◆ Directions for this task: Images should be left out, and everything else in the listing reproduced exactly.

◆ Collected material:
++++++++++++++++++++

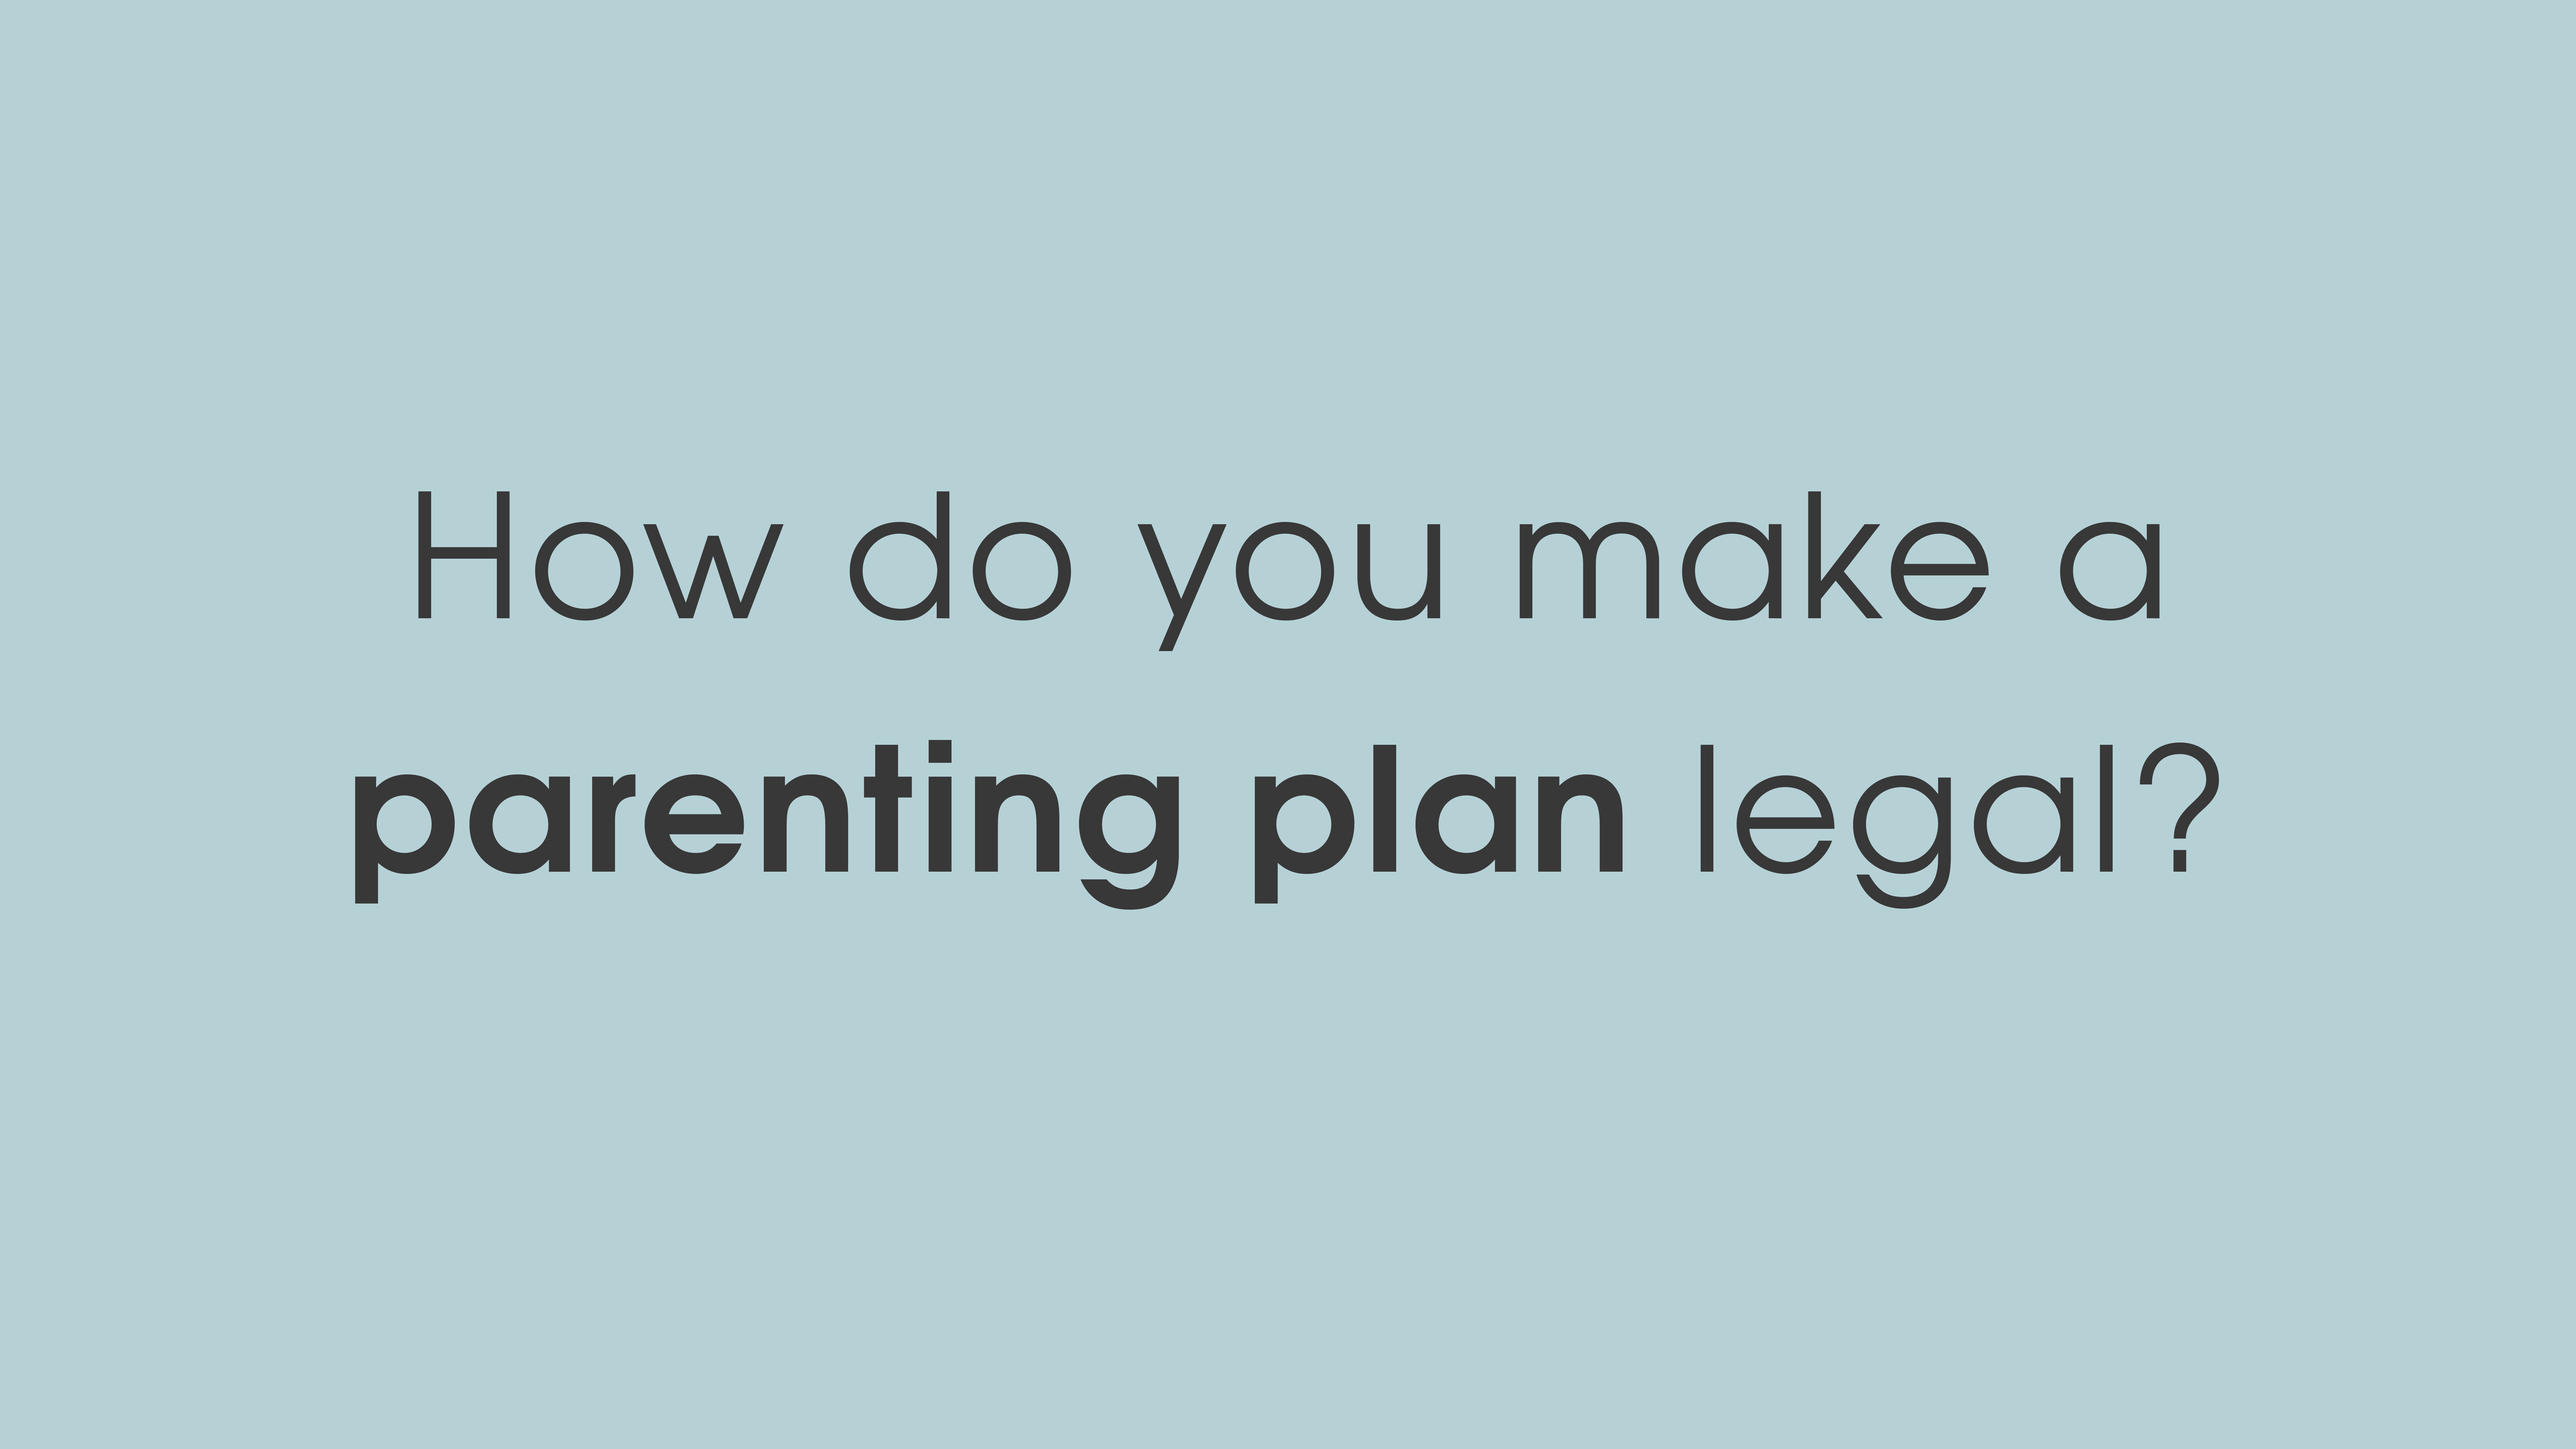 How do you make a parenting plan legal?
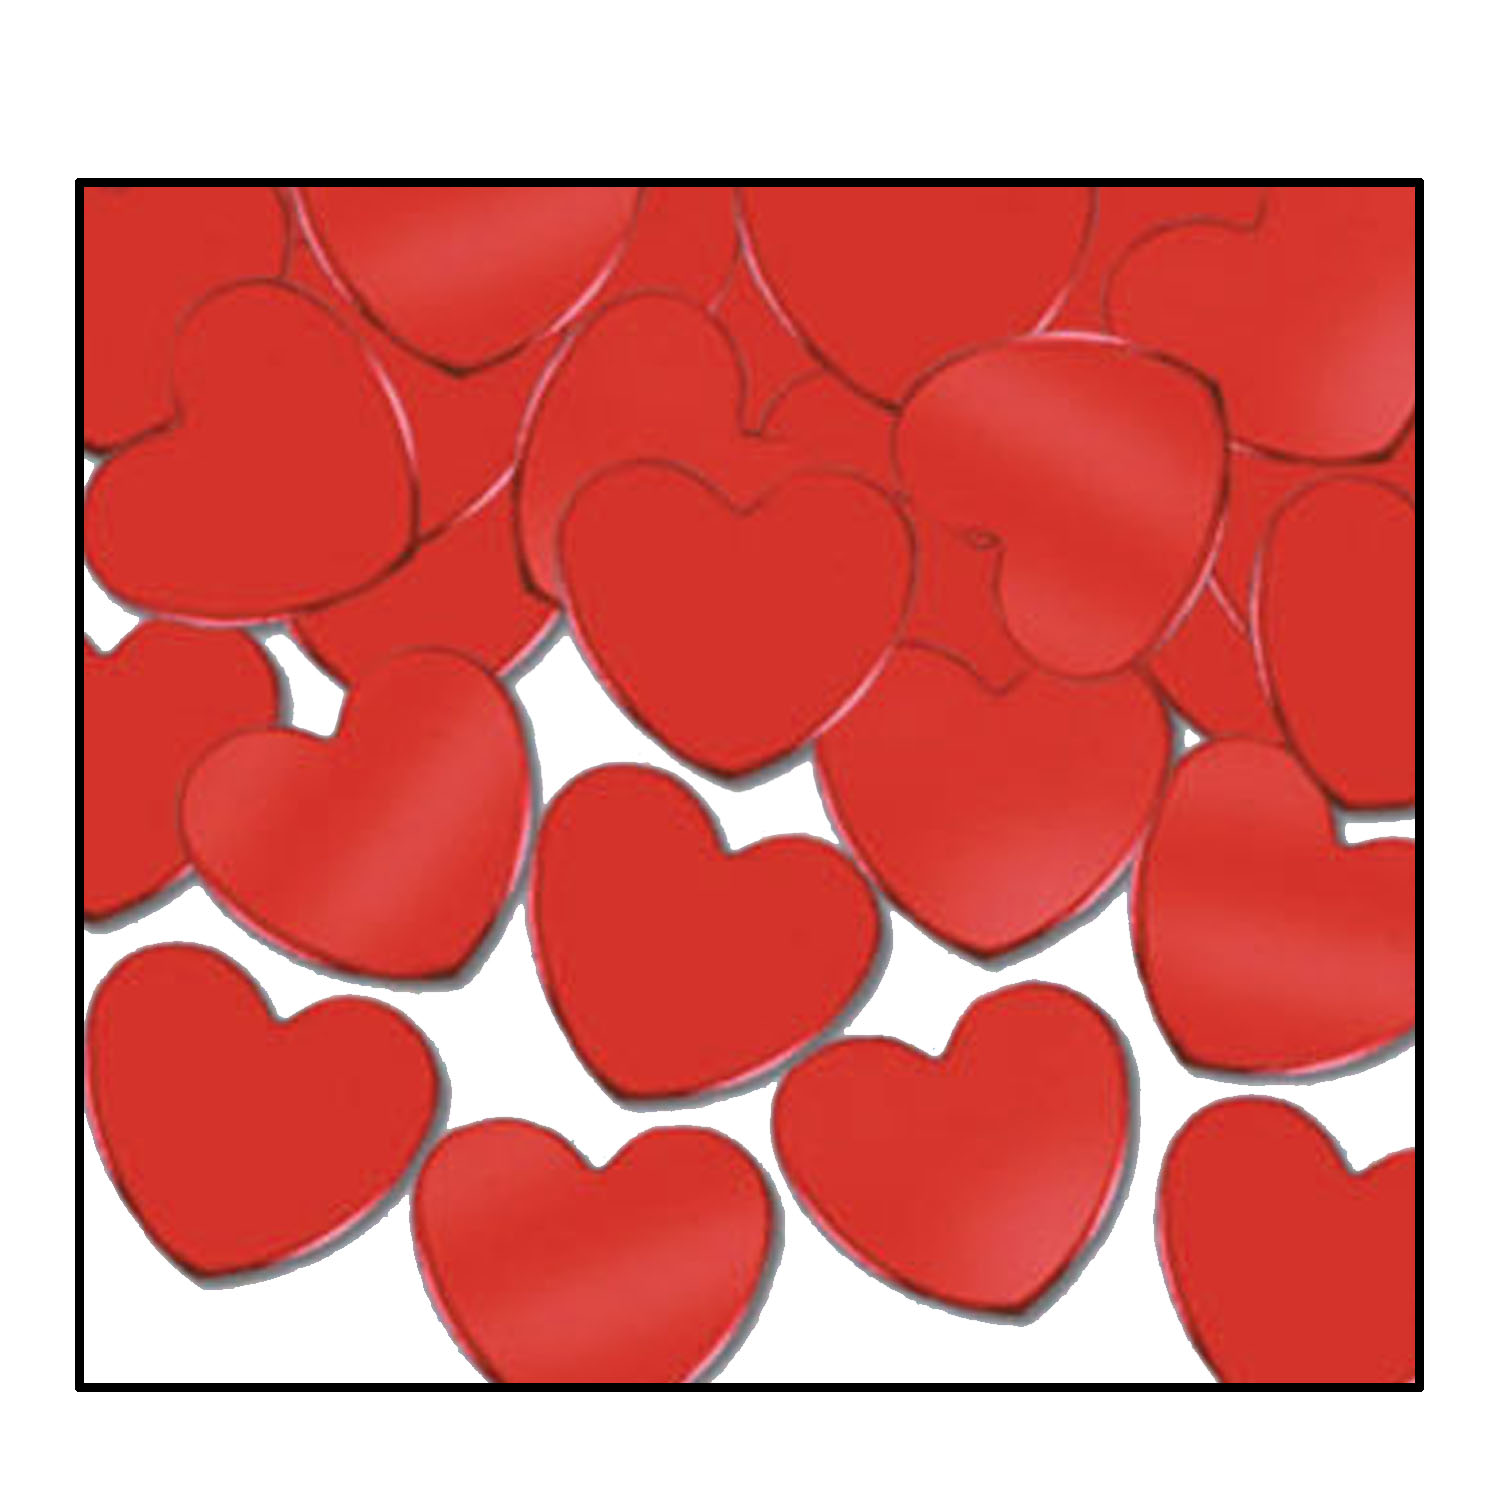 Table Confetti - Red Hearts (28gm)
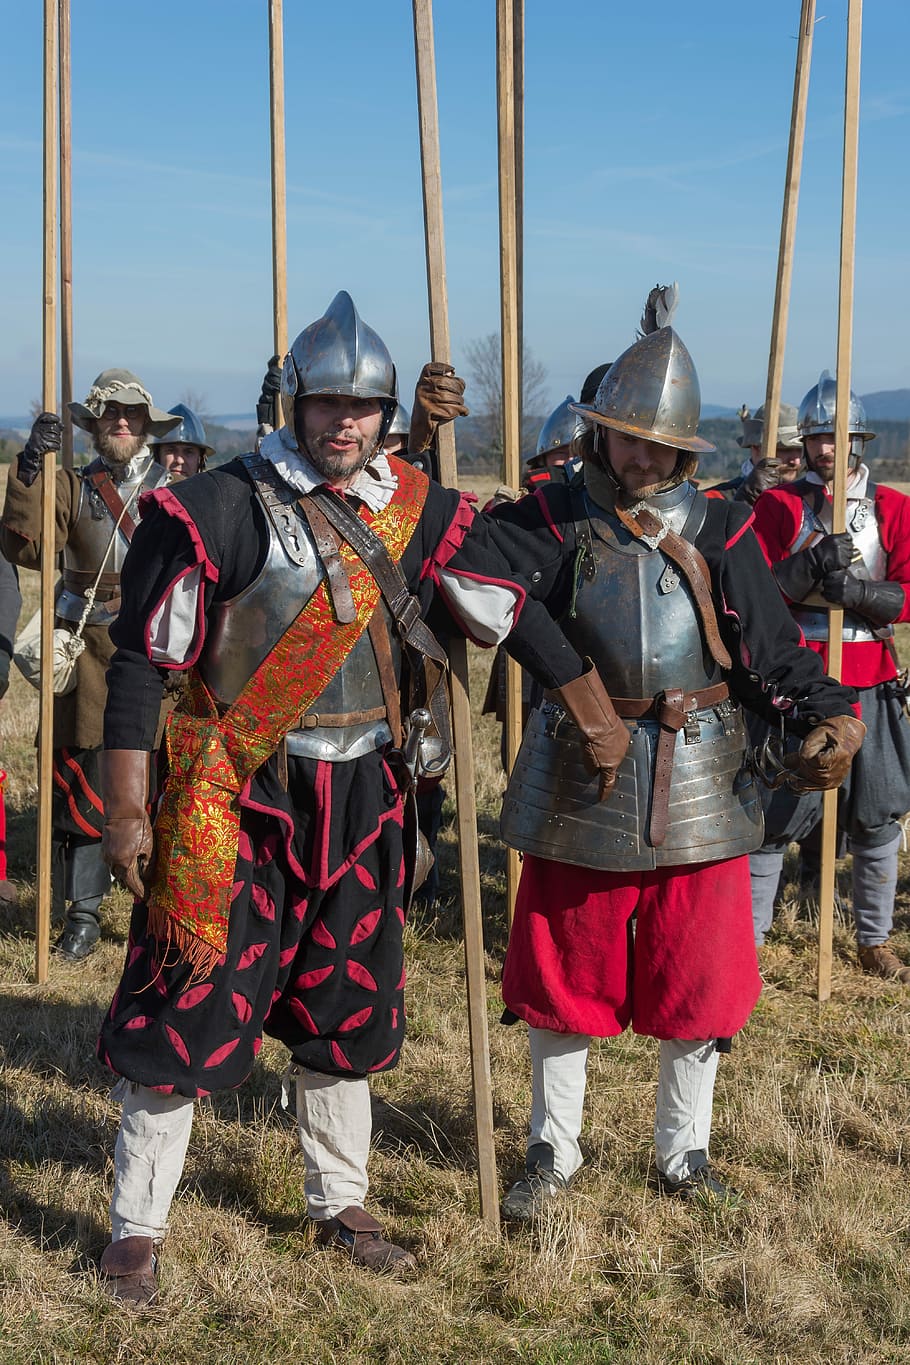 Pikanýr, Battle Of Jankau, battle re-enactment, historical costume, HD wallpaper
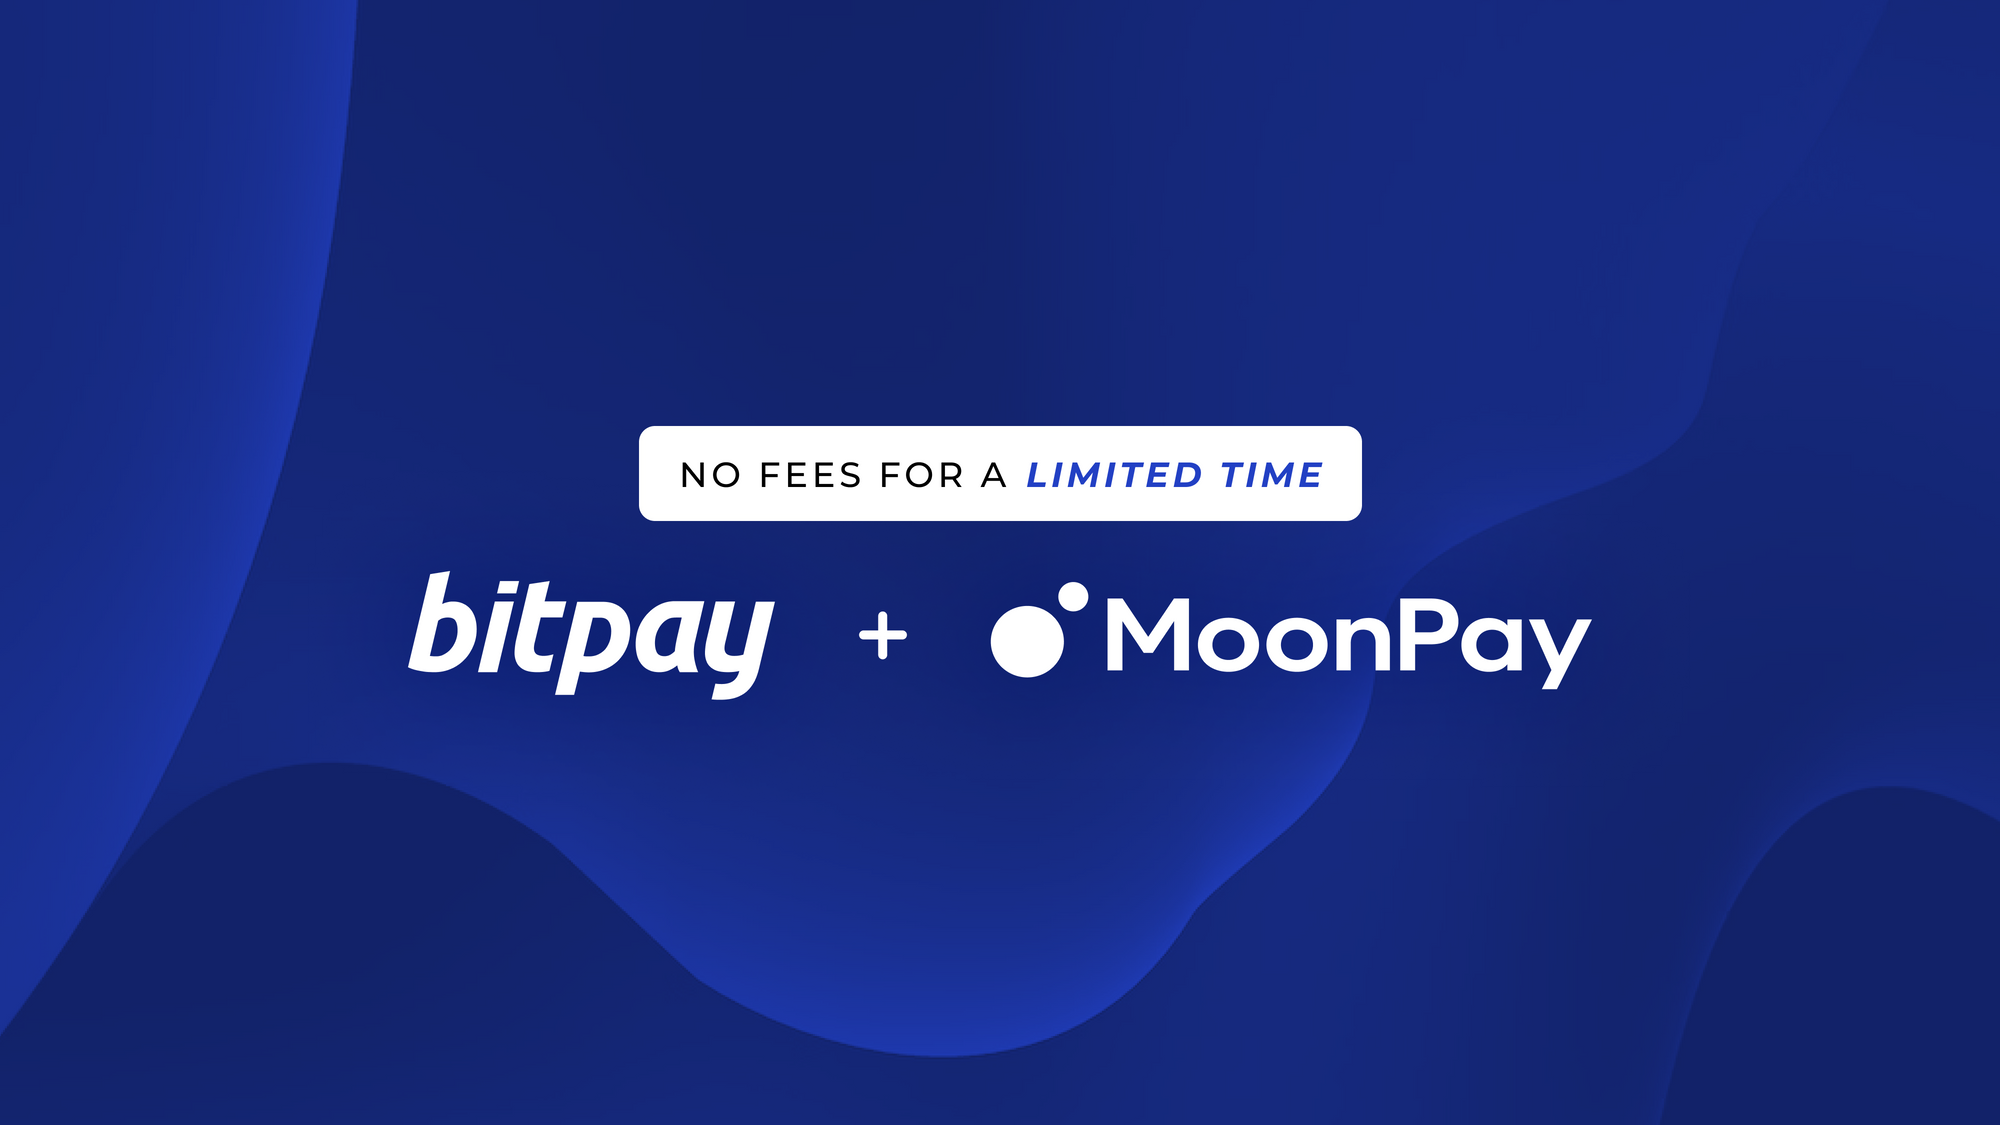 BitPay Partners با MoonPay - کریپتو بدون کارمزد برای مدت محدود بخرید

++++++++++++++++++++

◆ Output of the task:
 How do you make a parenting plan legal?
 Table Confetti - Red Hearts (28gm)
 Pikanýr, Battle Of Jankau, battle re-enactment, historical costume, HD wallpaper
 BitPay Partners با MoonPay - کریپتو بدون کارمزد برای مدت محدود بخرید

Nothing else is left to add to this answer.